The MCS7520 is a modular, fixed-configuration switch built for scale-out compute clusters and storage-intensive workloads. The 216-port architecture supports dense node-to-node and node-to-storage connectivity without requiring cascading fabrics; a single chassis can serve as a single-tier network for mid-to-large clusters or as a building block in larger multi-tier Clos topologies. The switch ships with eight redundant cooling fans and four power supplies, delivering the availability posture required in production environments.
The MCS7520 operates as a standalone layer-1 fabric switch; it integrates with any InfiniBand-attached node (compute, GPU, storage, I/O gateway) that supports EDR hardware. Multi-tier deployments require additional management software for subnet assignment and path discovery—this switch does not include VMS or unified management out-of-the-box. Rack-mounted configuration demands proper thermal planning: six-post racks with active hot-aisle containment are recommended when deploying multiple chassis in adjacent positions.
Q: Is the MCS7520 suitable for a single 8-node GPU cluster?
A: Yes, but you would be using roughly 48 of the 216 ports, leaving significant overprovisioning. For small clusters (under 32 nodes), a smaller switch or partial fabric may reduce CapEx. For clusters that expect growth, the MCS7520 is a one-time investment that scales up to full population without fabric redesign.
Q: What is the power consumption of the fully loaded MCS7520?

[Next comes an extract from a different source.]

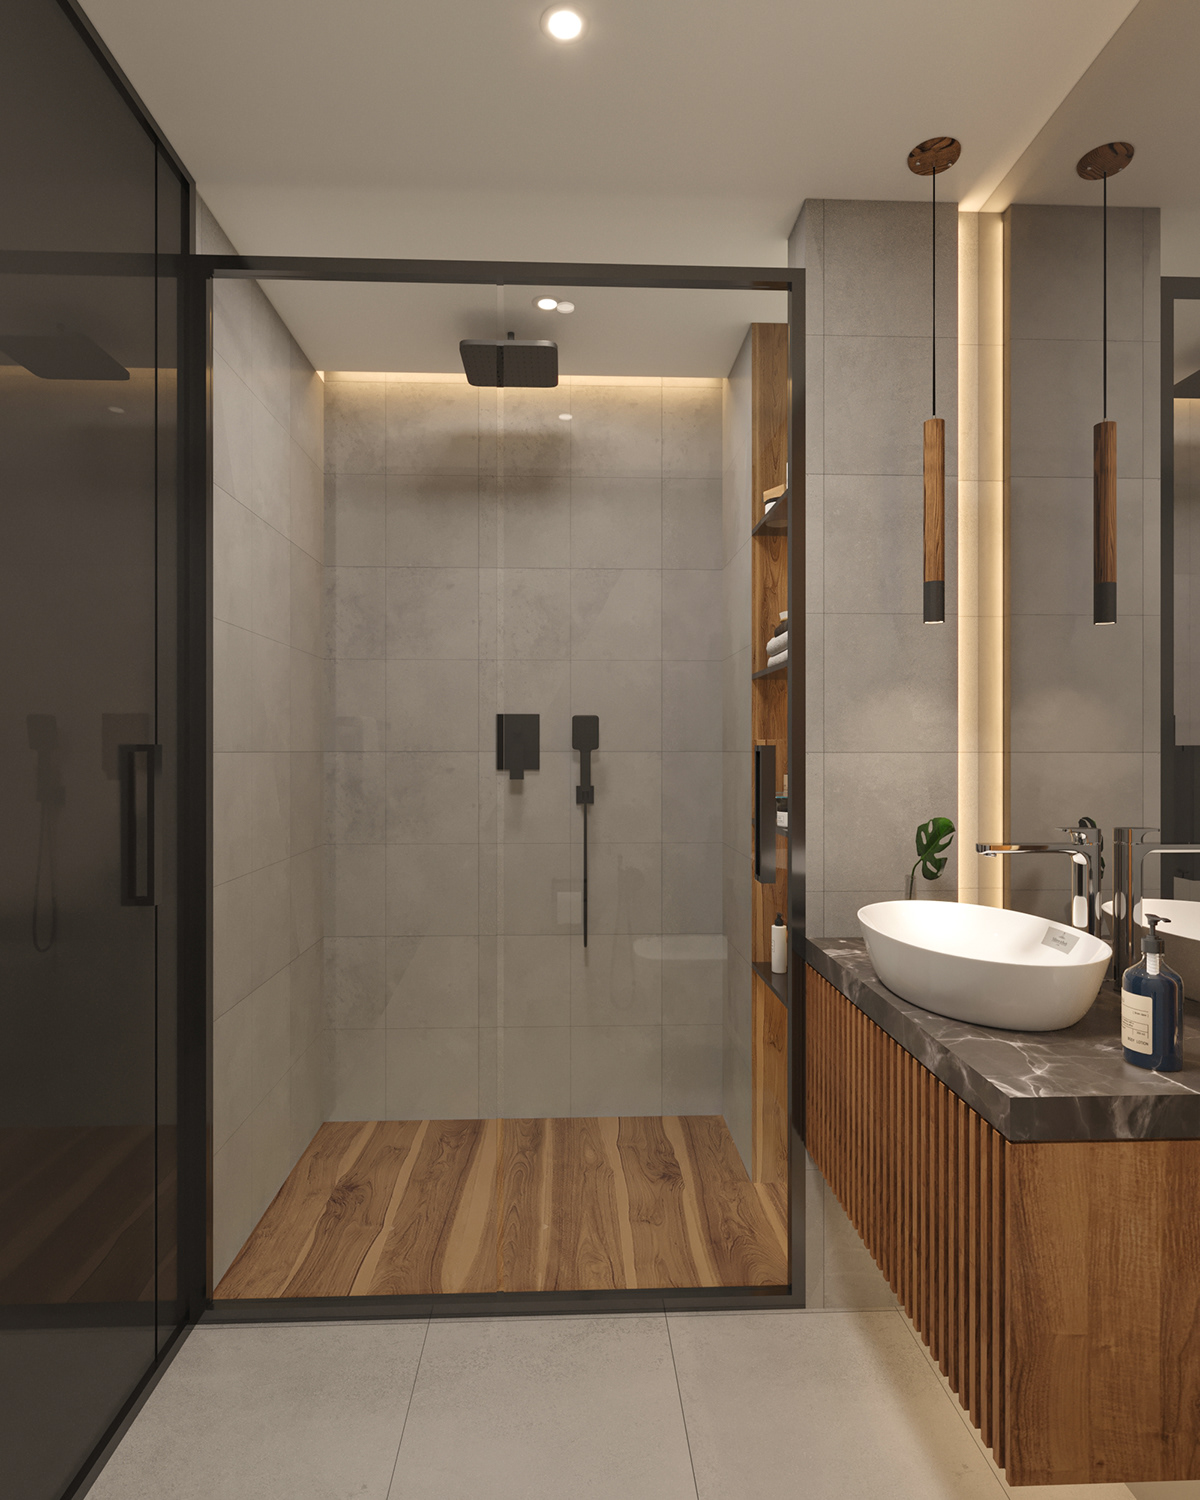 bathroom modern architecture interior design  visualization Render 3ds max corona design Project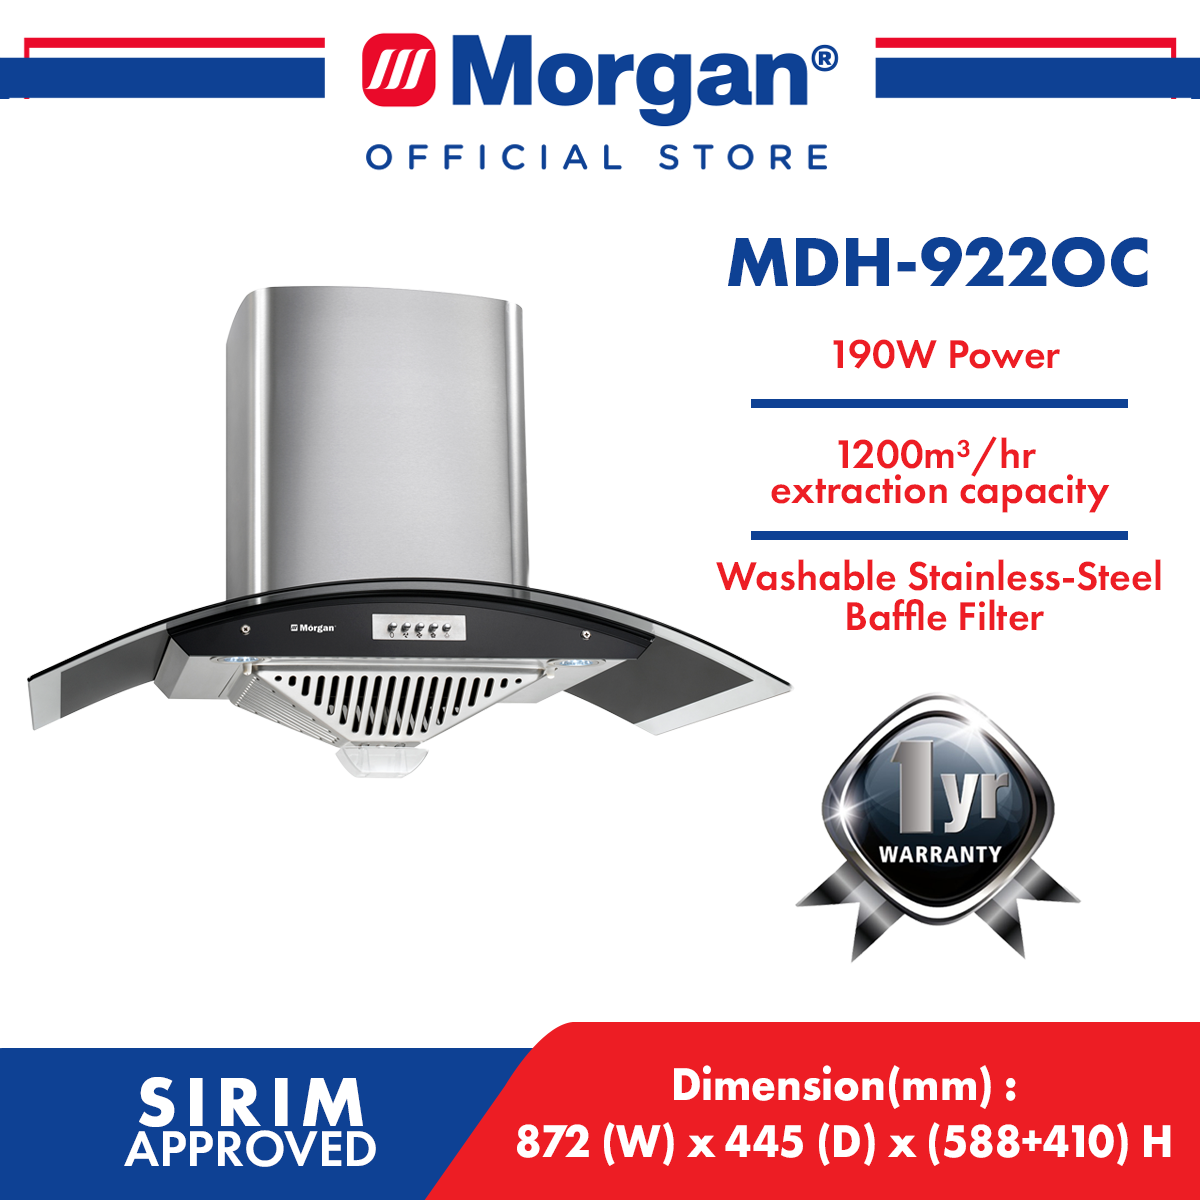 MORGAN MDH-922OC DESIGNER HOOD 900MM/1300M3

A: The switch itself (without node attachments) draws power via four internal PSUs; exact consumption depends on fan speed and port utilization. Consult the detailed specifications or contact pre-sales engineering for PDU sizing on a per-deployment basis.
Q: Can I mix EDR and older InfiniBand speeds (FDR, QDR) on the same fabric?
A: EDR switches are backward compatible with FDR and older protocols via speed negotiation, but links will run at the slower speed. This wastes bandwidth and is generally avoided in production. Plan node refresh cycles to align with fabric upgrades.
Q: What cooling infrastructure do I need in my data center?
A: The eight integrated fans handle internal thermal management. Ensure your data center provides cold air intake (front-bottom inlet) and adequate exhaust capacity (rear-top outlet). In dense environments, active hot-aisle containment is strongly recommended.
Q: Is this switch NDAA or FIPS-certified?
A: Certification status varies by software configuration and is not stated in the standard product specification. Contact pre-sales engineering to confirm compliance requirements for your procurement.
Q: What warranty is provided?
A: Warranty terms are available through the channel. Consult the sales contact or documentation provided at order time.

The MCS7520's 43TB/s aggregate switching capacity and 216-port density make it a legitimate centerpiece for data center fabric buildouts where you're not just upgrading—you're scaling to support sustained parallel workloads. I've seen the MCS7520 deployed in GPU computing clusters where every port filled reduces the fabric hops and latency jitter that kill weak-scaling efficiency on distributed training jobs.
Technical Highlights:
Deployment Considerations:
Best fit: GPU compute clusters running distributed training (PyTorch, TensorFlow), HPC simulations with tight synchronization, or high-frequency financial infrastructure where every microsecond of fabric latency is measurable cost. Not the switch for oversubscribed cloud multi-tenancy or edge consolidation.